Facebook and Google abuse Apple program and Apple smacks back

Sometimes big companies collect user data surreptitiously — and sometimes they’re hiding in plain sight. That was the case with a program Facebook was running, as well as a similar program from Google, that took advantage of Apple’s Enterprise Developer Program to collect extensive information about users, including teens.

The Enterprise Developer Program was created to be used internally by companies, for applications that they distribute internally. For example, Google uses it for the app that employees use for their buses and it can also be used to test and deploy apps internally before taking them public. It allows for companies to do all of this without accessing the App Store. That’s a crucial point, because the App Store has strict rules and strong oversight that would have caught either of these programs, preventing them from going lie.

But instead of keeping their research app internal, Facebook used the program to distribute Facebook Research, an app that offered $20 in gift cards for near-total access to people’s cellphones, as first reported by TechCrunch. Since 2016, the app tracked users’ browsing history, the contents of their messages, their app usage, location data, and asked for root access to any data on their phones. It was targeted at people between the ages of 13 and 35, 5 percent of whom were reportedly teenagers. It also wasn’t entirely clear that the app was run by Facebook, unless people read closely during sign up.

Google’s app was called Screenwise Meter and it had been in operation since 2012. Screenwise Meter was a company-owned “VPN” that monitored user data. VPN is a virtual private network and the reason it’s in quotes in this case is because VPNs are supposed to encrypt and protect user data — not be used as a tool to monitor it. The app was originally available to users as young as 13, but Google increased the age limit to 18, with younger teens being allowed to join if they were part of family group. Once TechCrunch asked Google if their app, like Facebook’s violated Apple policy, the company apologized and pulled it down. Here’s what they said to TC:

“The Screenwise Meter iOS app should not have operated under Apple’s developer enterprise program — this was a mistake, and we apologize. We have disabled this app on iOS devices.
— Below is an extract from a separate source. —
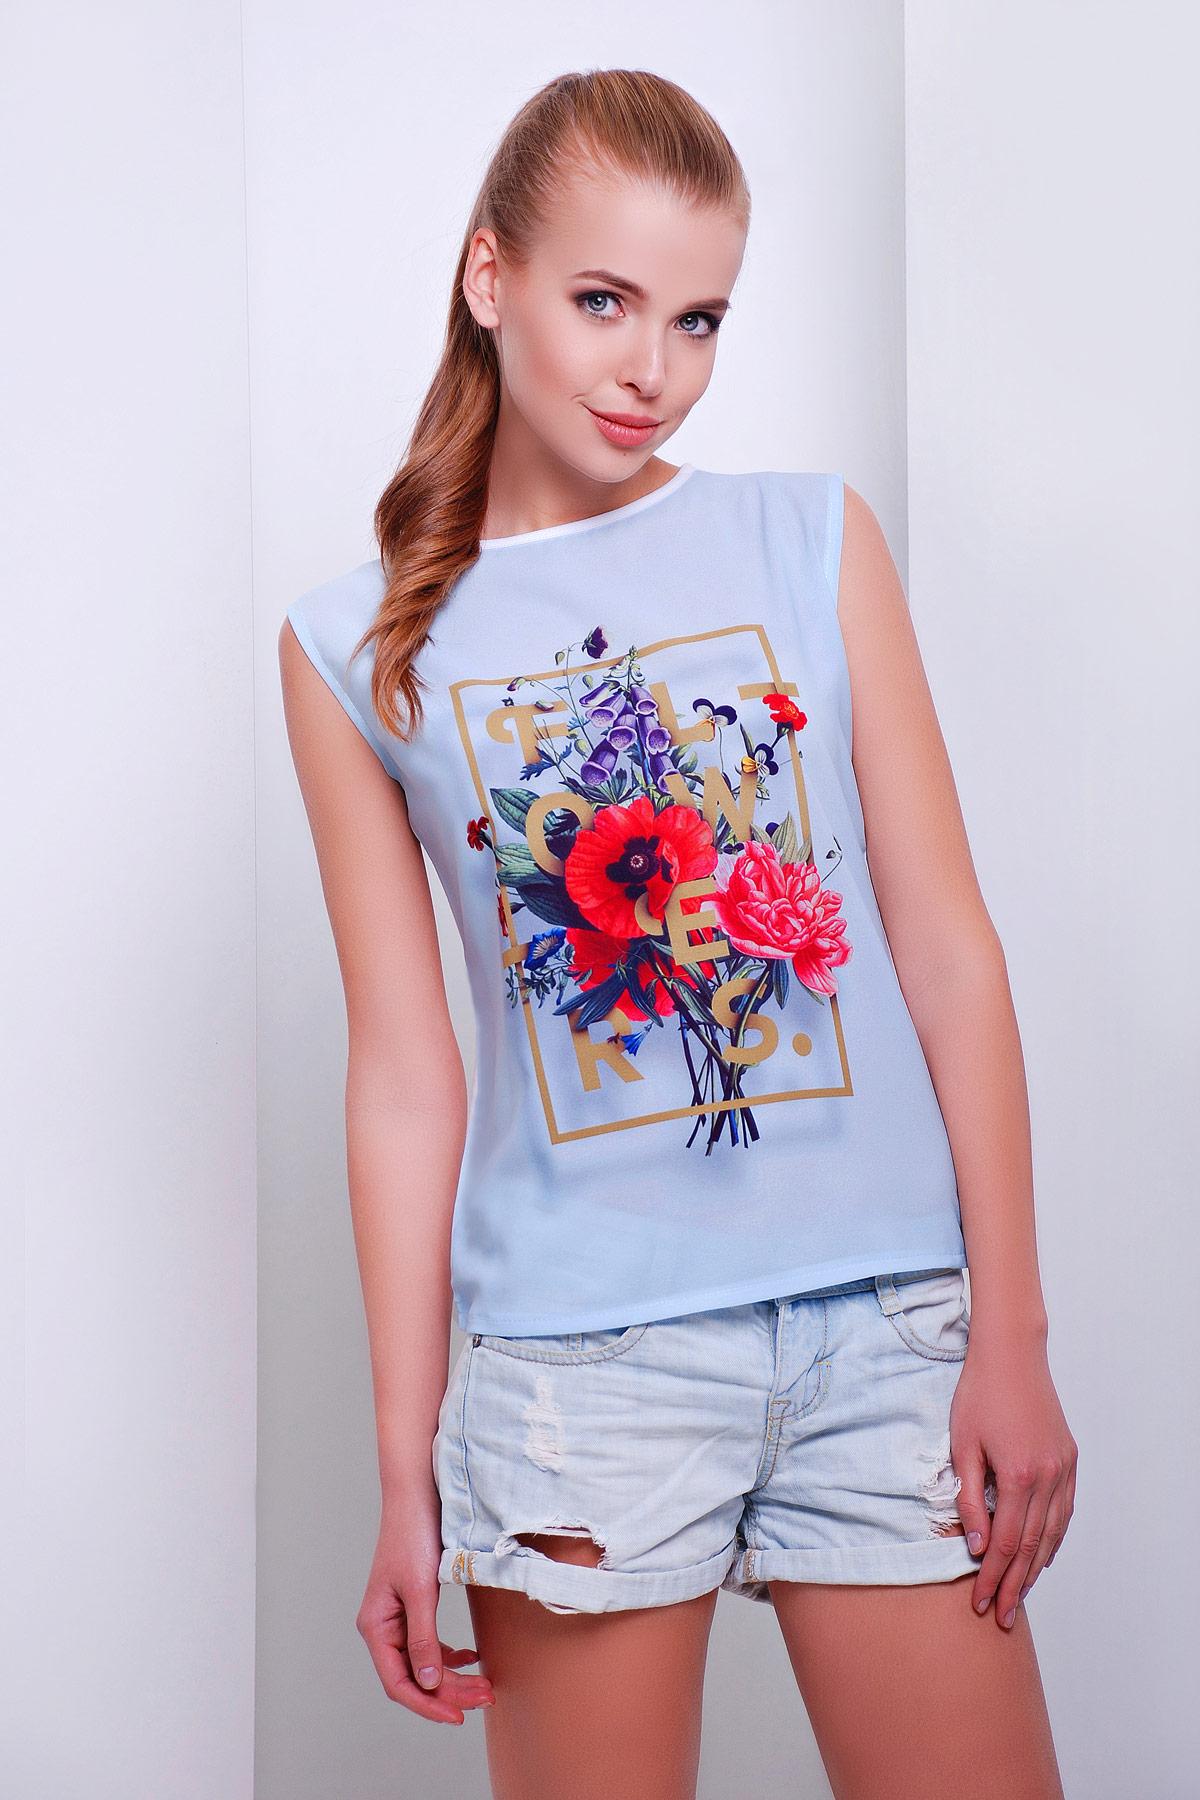 Flowers футболка Киви-Б. Цвет: принт

This app is completely voluntary and always has been. We’ve been upfront with users about the way we use their data in this app, we have no access to encrypted data in apps and on devices, and users can opt out of the program at any time.”
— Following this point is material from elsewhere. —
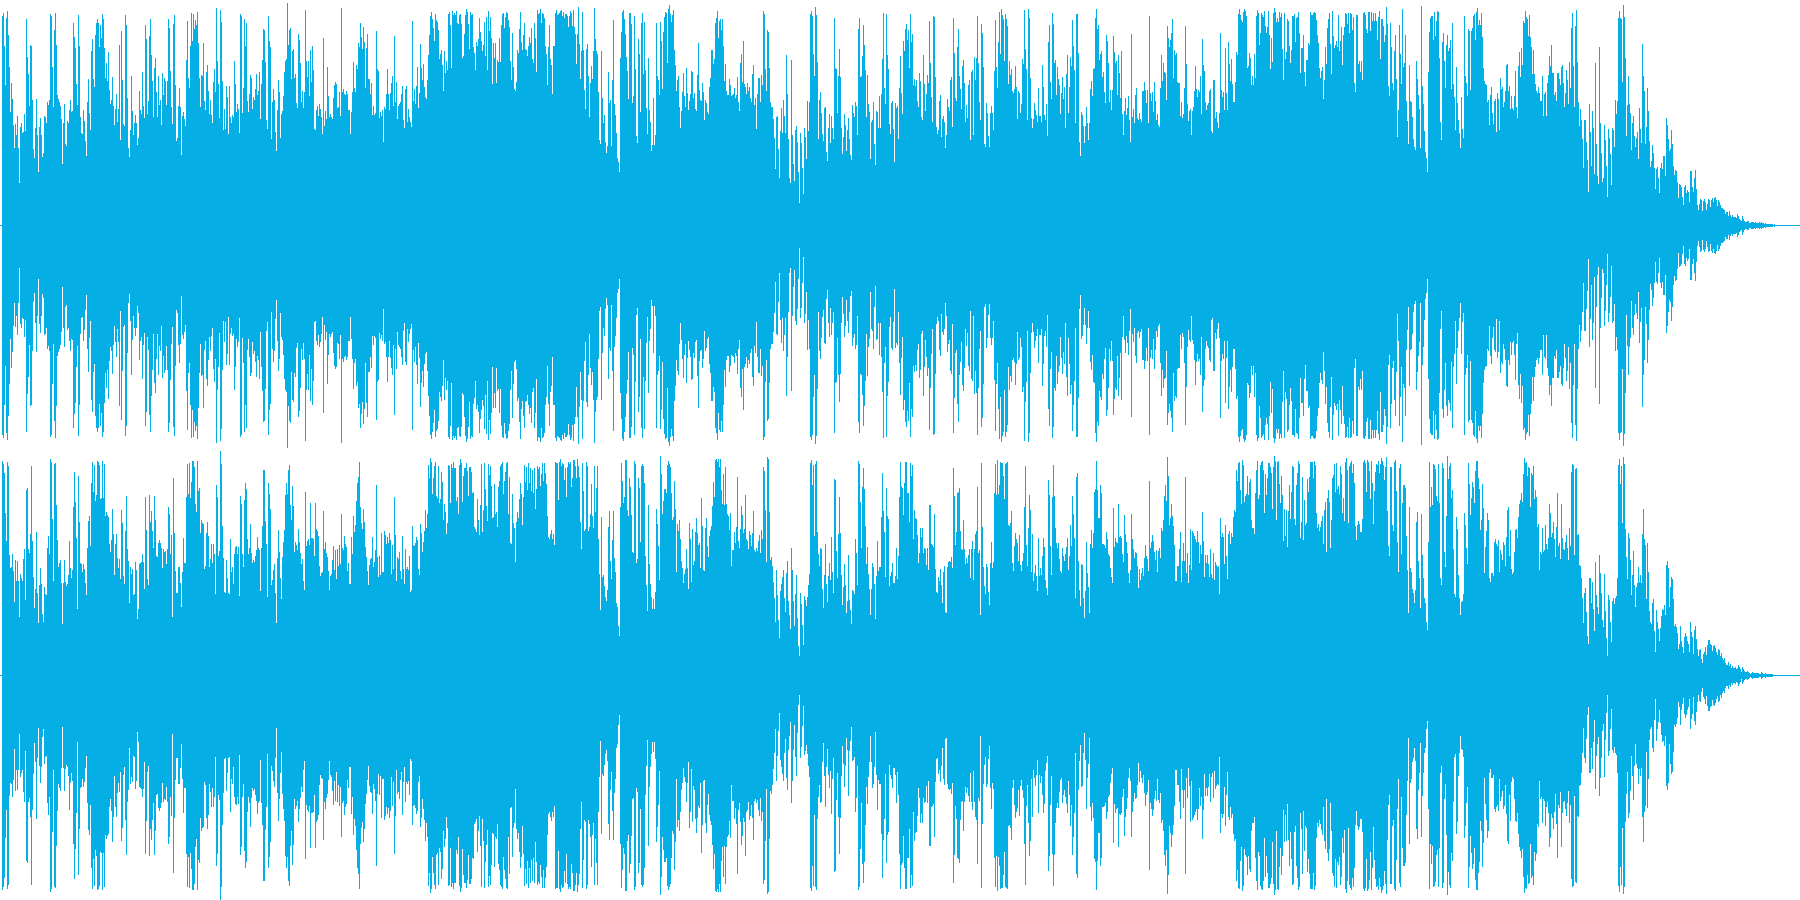 RPGバトル向けBGMの再生済みの波形

But Apple clearly felt it was too little, too late: They cut off both Facebook and Google’s access to the Enterprise Developer Program almost immediately. This move was more than just a smack on the wrist, as it not only disabled their data-collecting apps but also any internal iOS apps the tech giants had developed for their employees to use. It’s a move that could potentially throw both companies into chaos.

Luckily for them, Apple restored their access quickly — within five hours for Google and one day for Facebook — and the tech companies are “in the process of getting our internal apps up and running,” according to a statement Facebook made to media. Will this incident make them think twice about sketchy data practices in the future? History suggests… No.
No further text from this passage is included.